Xgb predictor unstable

  • observe

    • for the same batch of samples, sometimes all results were 0.5, when I were retrying to predict later, the results seems to be normal. Specially, in multi proceess (using bash ‘&’), the-always-0.5 will happen by large probability(1/22), each process has two predictor, the the-always-0.5 appears in second predictor.
    • for one sample, sometimes the result was 0.209669 and sometimes the result was 0.201879, is this stable or not ?
  • env (for predict)

    • os: CentOS release 6.7
    • python: Python 3.5.2 |Anaconda 4.2.0 (64-bit)
    • gcc: GCC 4.4.7
    • xgboost: 0.7 (using pip to install)
  • detail
    I used same python env, but trained and predicted on diffrent machines, trained on CentOS Linux release 7.2.1511(GCC version 4.8.5), did the os or gcc cause the problem?

class XGBModel():
    def __init__(self, model_path):
        self.model_path = model_path
        self.model = self._load(self.model_path)
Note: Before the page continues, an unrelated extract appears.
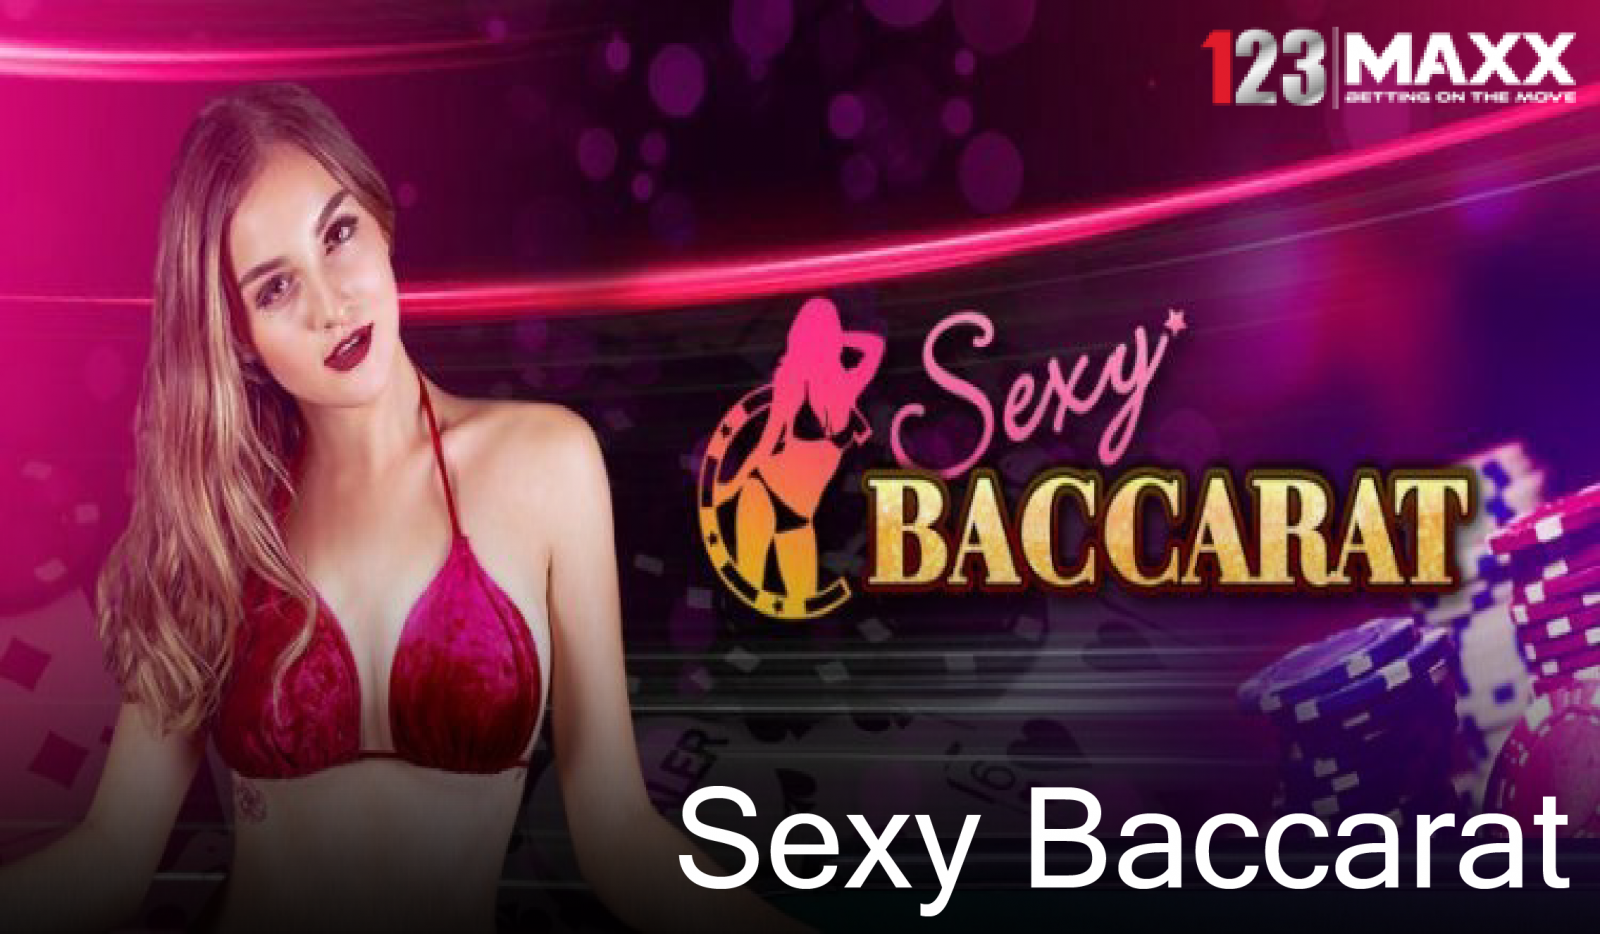 Sexy Baccarat 123maxx

    def _load(self, path):
        with open(path, 'rb') as fr:
            data = pickle.load(fr)
        return data

    def predict(self, libsvm_filename):
        dtest = xgb.DMatrix(libsvm_filename)
        pred = self.model.predict(dtest)
        return pred

I think I may find the key point - missing the ntree_limit parameter with DART booster in predicting. But how the-always-0.5 happened ?
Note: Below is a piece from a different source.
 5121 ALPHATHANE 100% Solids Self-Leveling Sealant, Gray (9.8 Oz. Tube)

If you have a reproducible script, consider filing an issue in the GitHub repo. We will look at it.

@xgb_7632 thank you addressing this issue. I am getting similar problem. When I am giving inputin the range from 1500-30000 (Number of sample = 54000) with time series then at-least it is getting some prediction and it is near to actual values (need to tune algorithm) but when I am changing input in range of 241-247 (varies with float values upto 2 decimals i.e. 243.5 and 244.67 like this) then prediction is always 0.5.

Why I am getting same error and how did you solve it?

Help appreciated.

@mayur25 When using dart booster, you should explicitly set the parameter ntree_limit , as the issue 3485 says.